By being silent about Algeria’s conflict during the 1990s, the country’s educational sector has missed an opportunity to create a basis for reconciliation.

Published on October 22, 2021

In May 2018, Nouria Benghabrit, Algeria’s then education minister, alluded to the possibility that the so-called Black Decade, the civil war between 1991 and 2001, could be incorporated into the history curriculums of schools and universities. This was the first time an official had described such a possibility. Since 1991, the conflict, whose mention is often taboo, has not been addressed in educational programs. As Benghabrit explained, engaging with the war required “profound reflection” and a “pedagogical approach” due to the fact that not enough time had passed and that many Algerians had yet to mourn its consequences.

Algeria’s Black Decade ended with a national reconciliation process, in the shadow of which manifestations related to the war were perceived as sources of division. Avoiding this division meant that different segments of society adhered to understandings of what had taken place that were often at odds. While the authorities imposed silence to preserve peace and social cohesion, in allowing a fragmented and disputed understanding of the conflict they only widened the divide.

Education is essential in countering this situation. New generations of Algerians have a right to know about their country’s war, so as to reach a shared perception of how to prevent it from happening again. While Algeria’s educational system cannot impose a single reading of the Black Decade, it can help construct a common understanding of what occurred, leading to a general recognition of mutual interests in relation to a national trauma that affected everyone.

Twenty years after the end of the civil war, this process has not happened. However, the fact that Algeria’s education minister went against the grain to say that it might be time to consider mentioning the Black Decade in schools and universities showed that some officials may have started to recognize the costs of not doing so.

The Legacy of the Black Decade

For over thirty years following its independence, Algeria had a single-party system governed by the National Liberation Front (FLN). The FLN’s development plans implemented in the 1970s were, broadly speaking, a failure. The Algerian state’s ability to subsidize goods, food, and low-cost housing, which was facilitated by the country’s production of hydrocarbons, suffered when oil prices fell in the 1980s. Widening social disparities, affecting the young disproportionately, would soon create the foundations of a social upheaval that had major repercussions.

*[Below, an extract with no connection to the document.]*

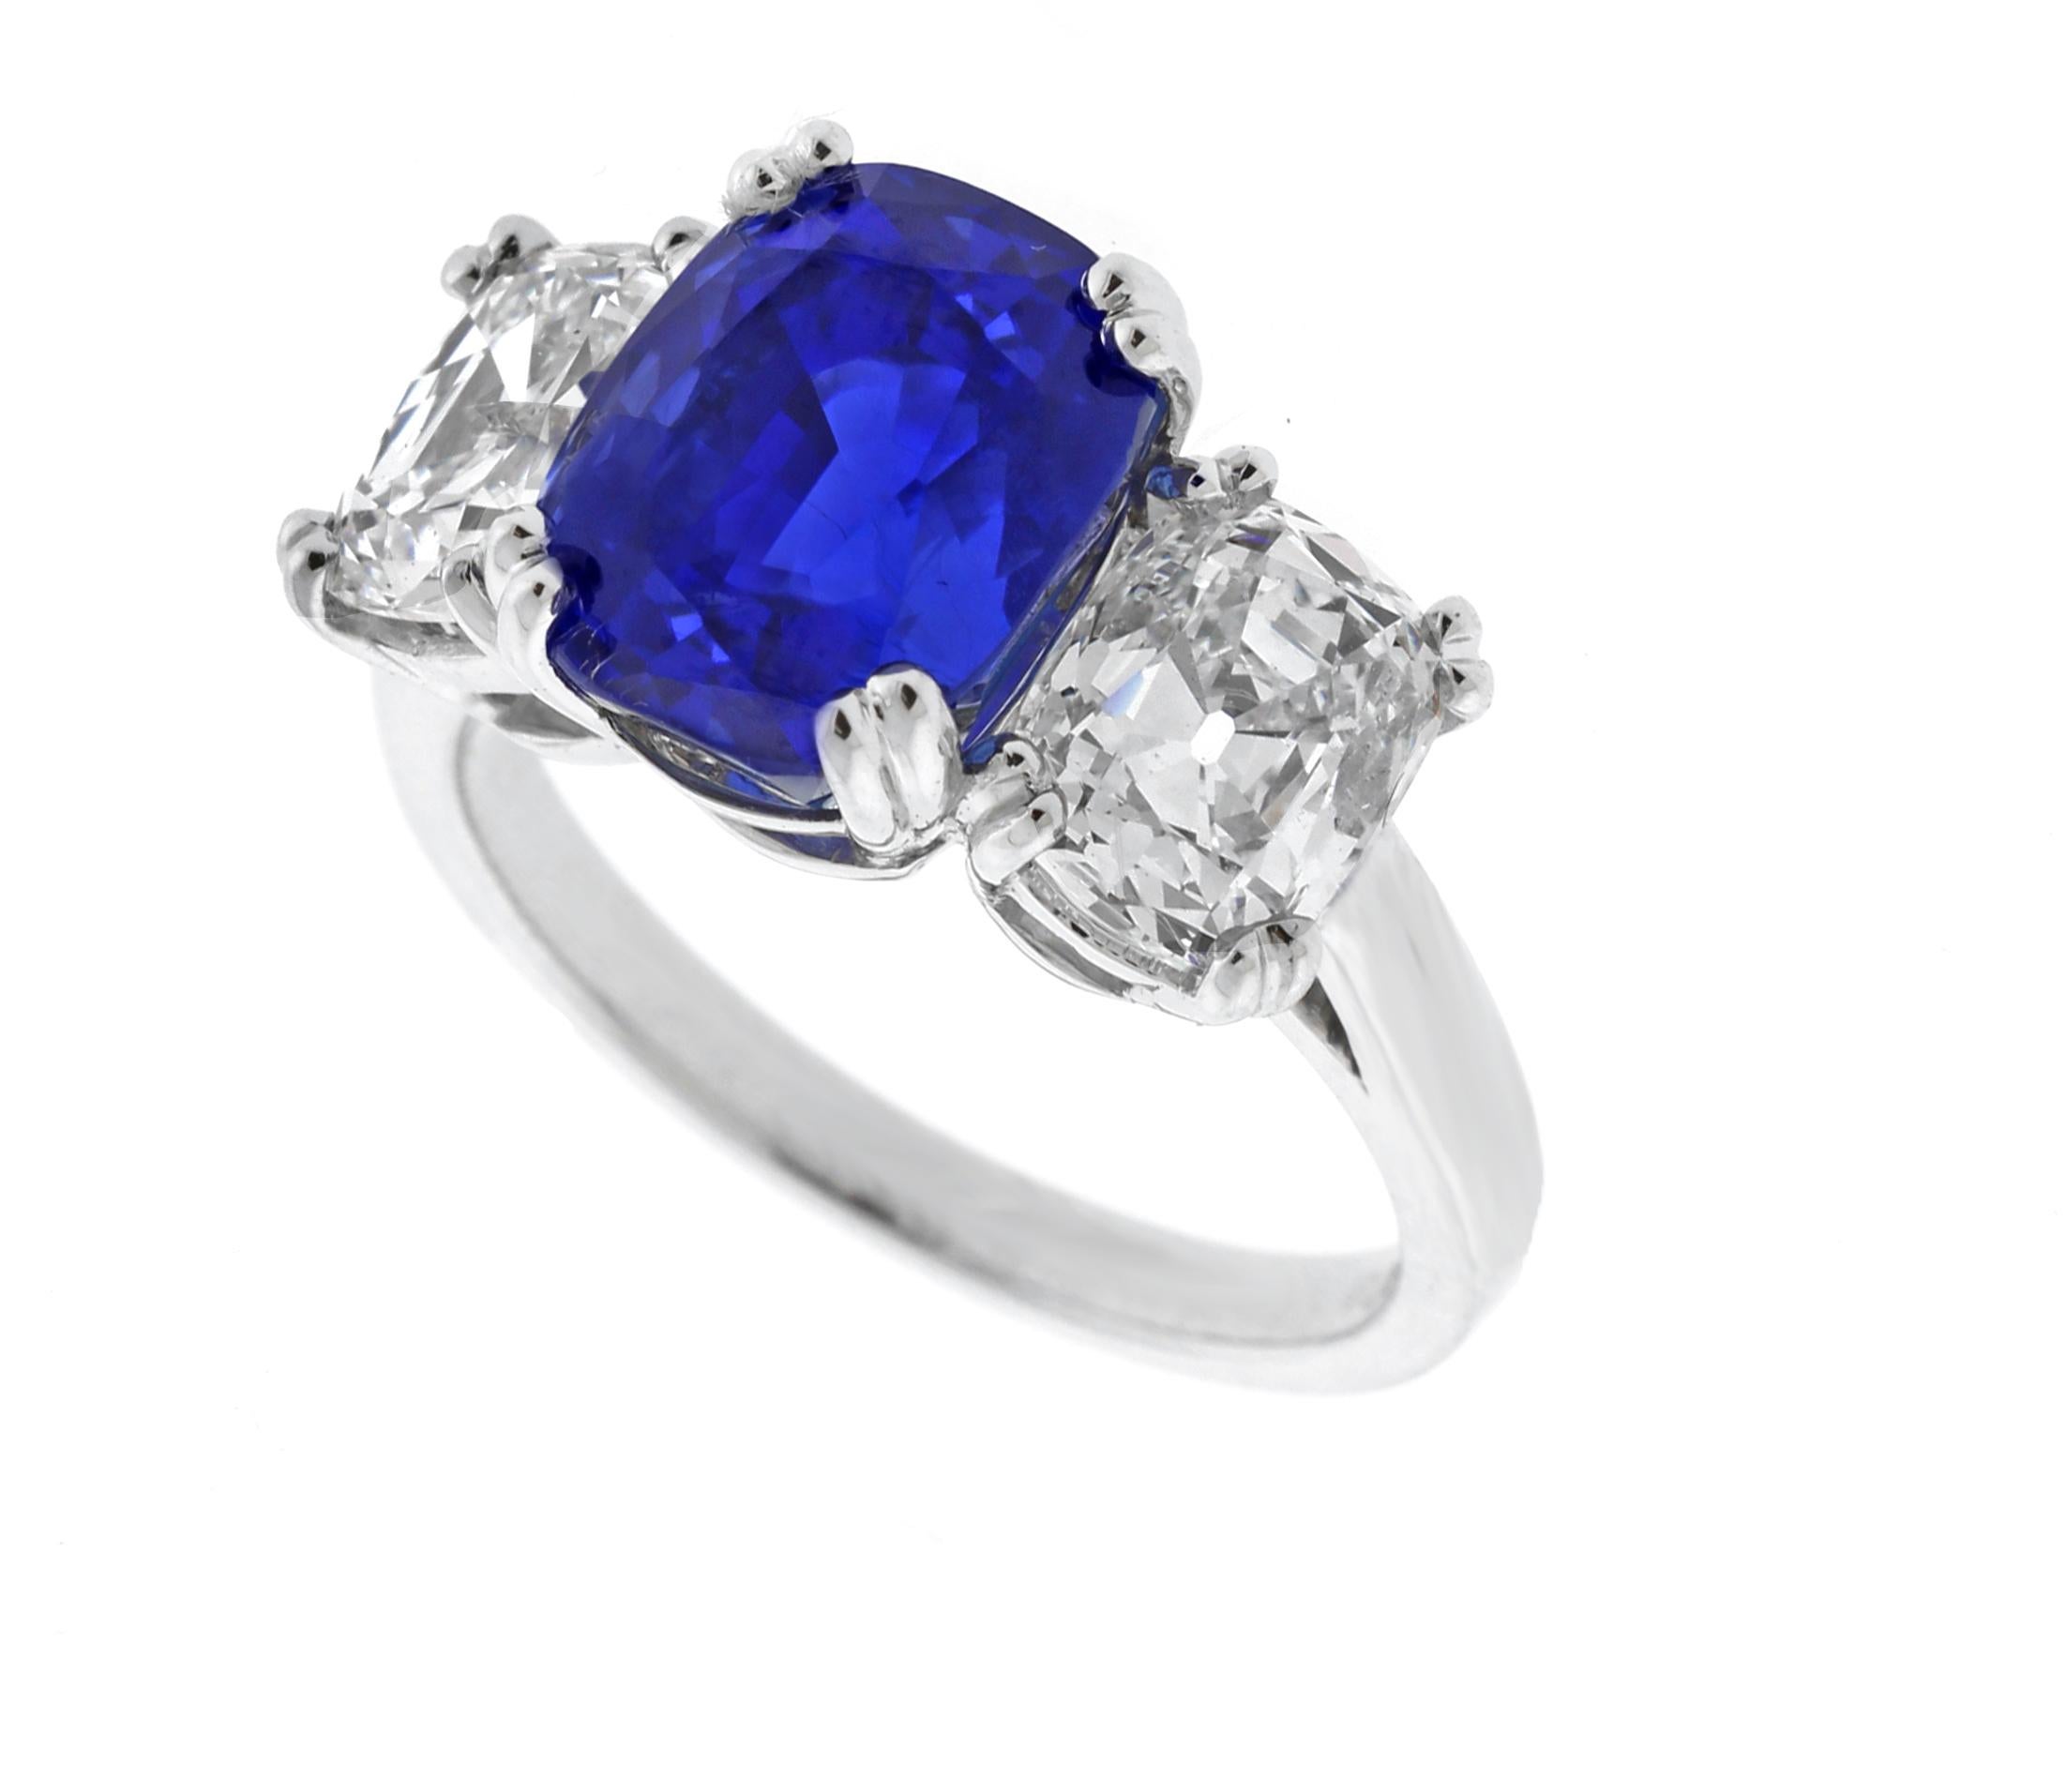 This exquisite piece represents a splendid marriage of craftsmanship, history, and the finest gemstones. It features an exceptional royal blue Burma Sapphire, weighing an impressive 5.72 carats, expertly cut into a cushion shape and certified by the

On October 5, 1988, tens of thousands of young protestors took to the streets of Algiers and other major cities, attacking and destroying government buildings and other symbols of the state. The army intervened to restore order, firing on the demonstrators. Officially, 159 people were killed, although unconfirmed reports put the number at 500. The violent repression shattered Algeria’s social contract, severely damaged the military’s legitimacy, and undermined the regime’s already meager credibility. In order to revive the state’s authority, then president Chadli Bendjedid introduced major political reforms. Among these was the adoption of a multiparty system, which was formalized in the constitution of 1989. Between July 5 and July 31, 1989, the Interior Ministry approved the establishment of around fifty new political parties.

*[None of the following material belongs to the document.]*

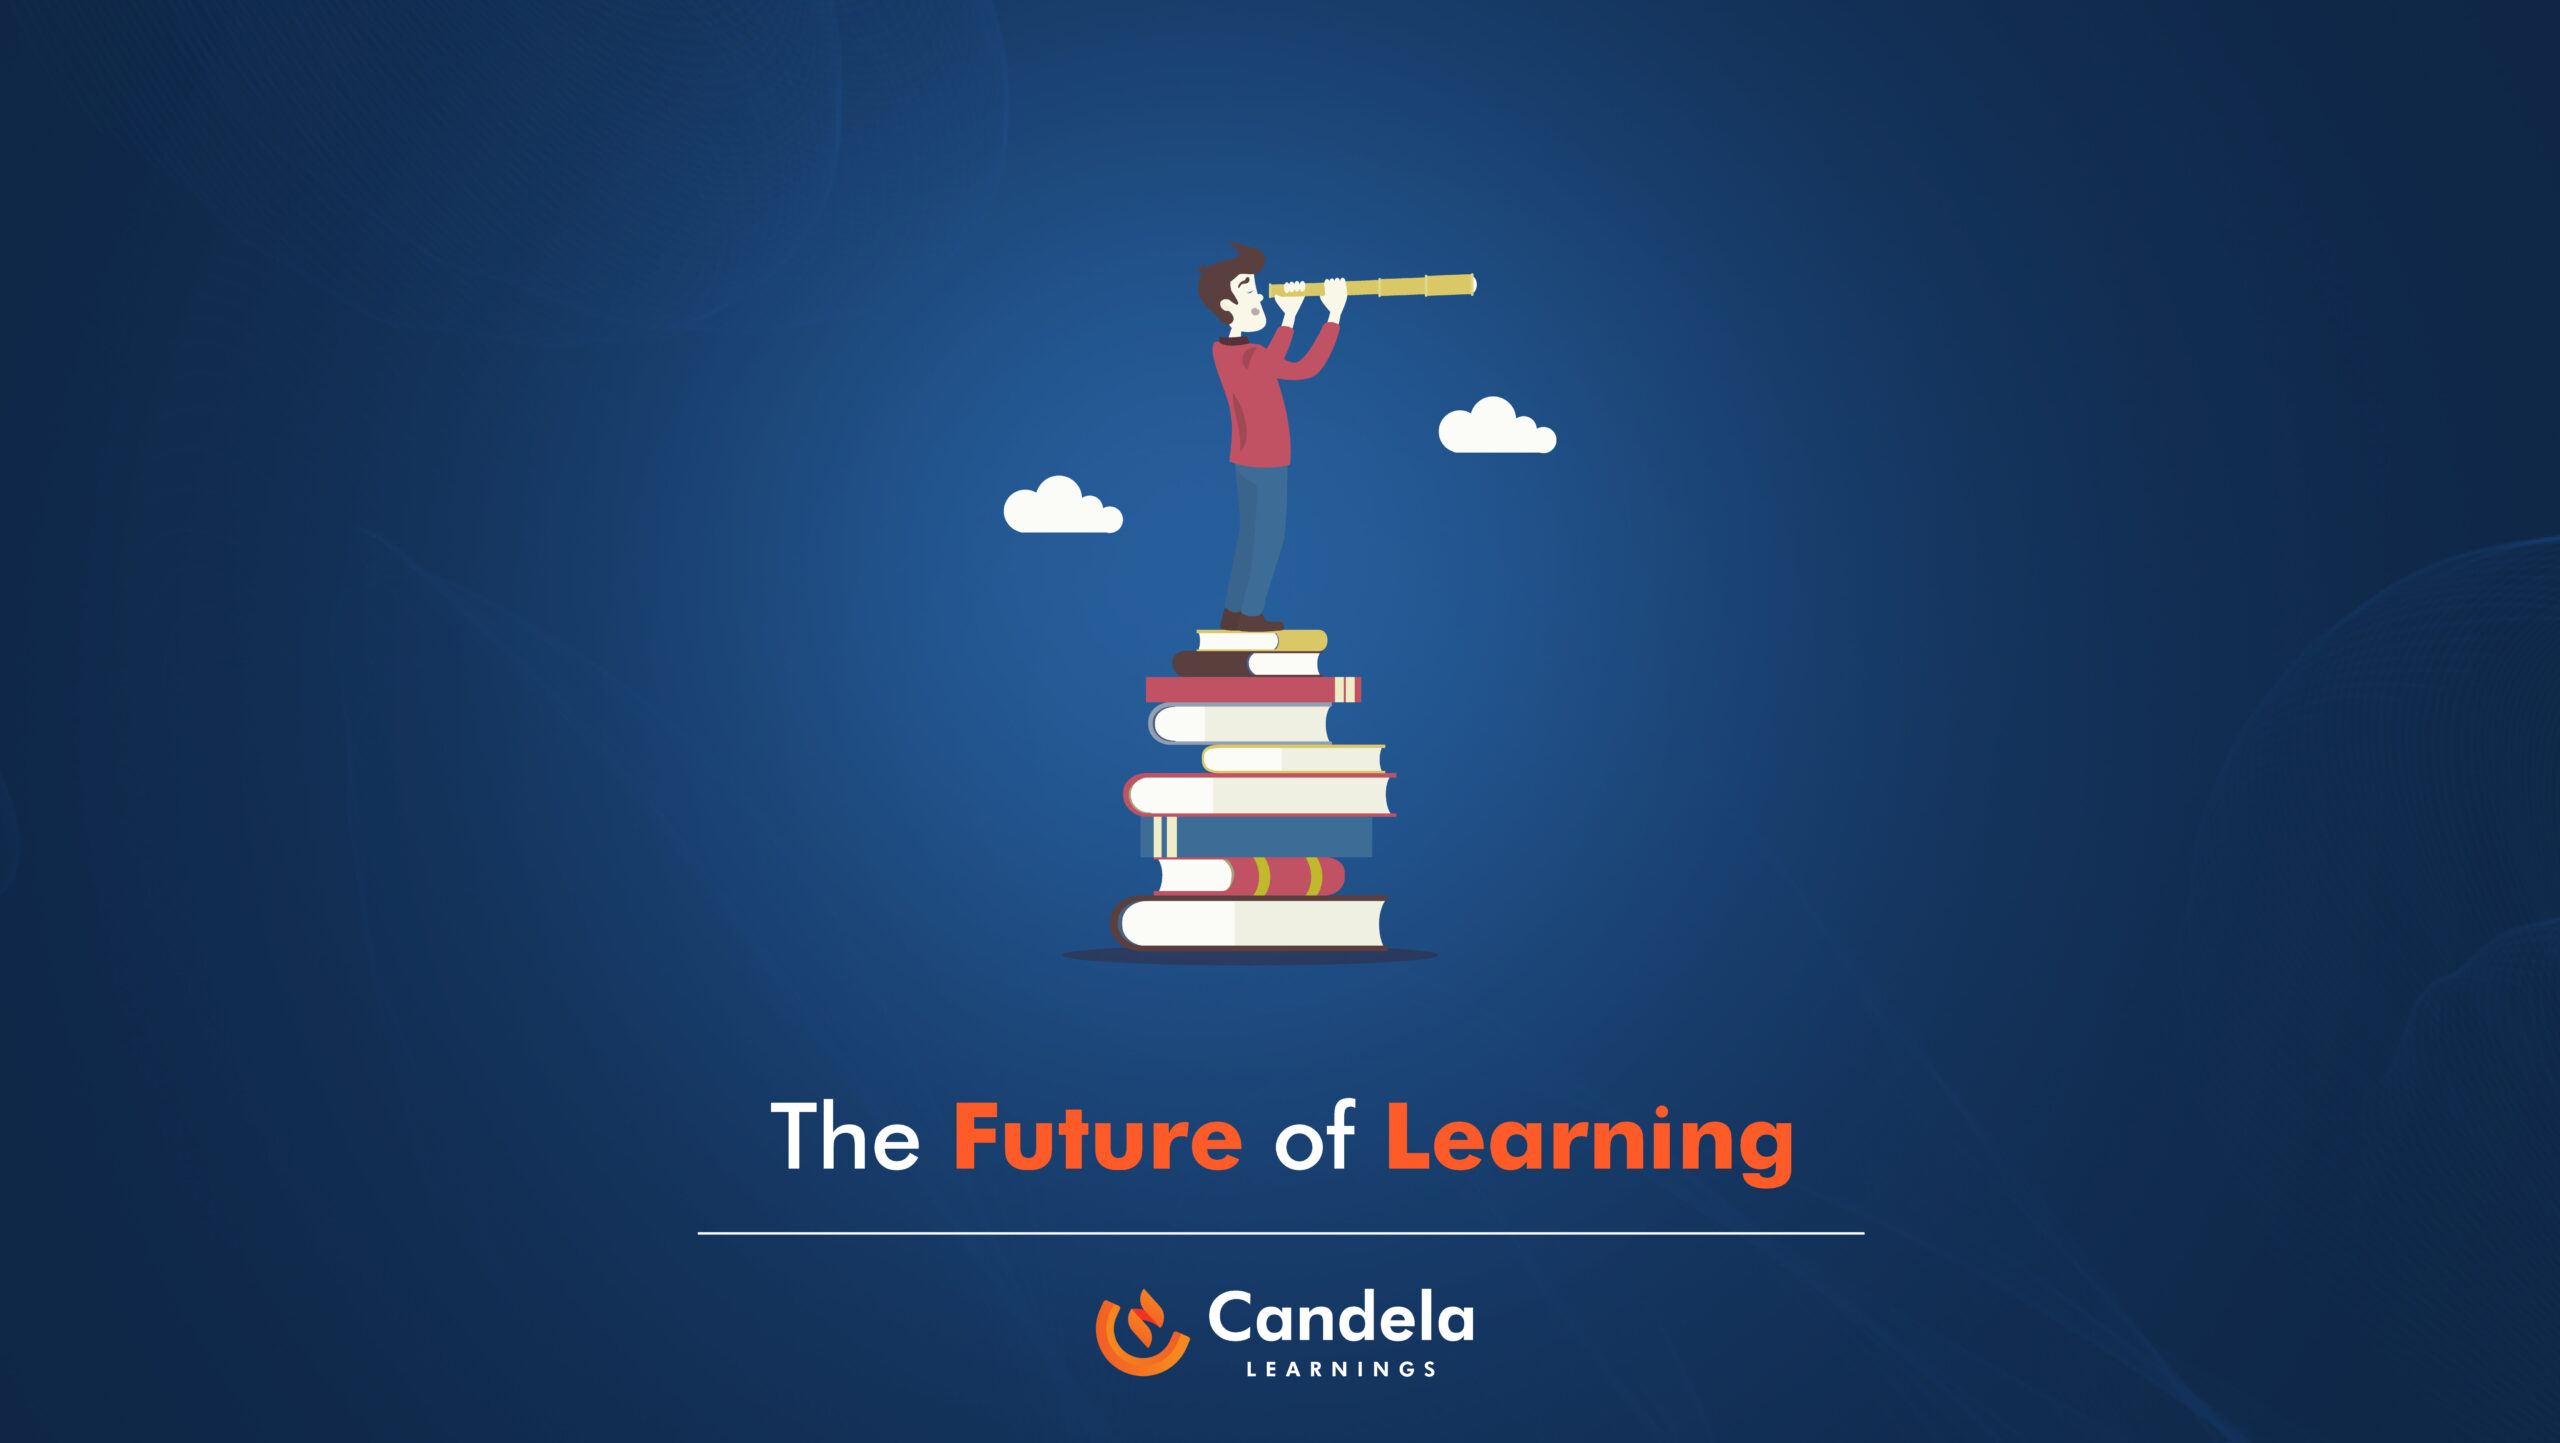 The future of learning

Among these was the Islamic Salvation Front (FIS), led by Abbassi Madani and Ali Belhadj. FIS would soon prove to be the most popular party and included a diverse coalition of radical Islamists, Algerian veterans from the war in Afghanistan, conservative urban bourgeois, and disaffected youths. Thanks to this varied constituency, it won majorities in more than half of the communal and wilaya, or provincial, assemblies in the June 1990 local elections,

In the first round of parliamentary elections in December 1991, FIS again did very well, winning 188 out of 231 seats outright. A second round of elections was supposed to take place in January 1992 for the remaining seats. However, fearing an Islamist takeover of parliament, the military halted the electoral process. It removed Bendjedid from office, arrested thousands of FIS members and others unaffiliated with the party, and took control of the country. The harsh repression contributed significantly to the radicalization of a large number of individuals, particularly youths, who responded to the call by the more radical faction in FIS to embark on a jihad against the state. Many jihadi groups would soon spring up across Algeria to combat what they called “the impious state” (dawlet al-taghut).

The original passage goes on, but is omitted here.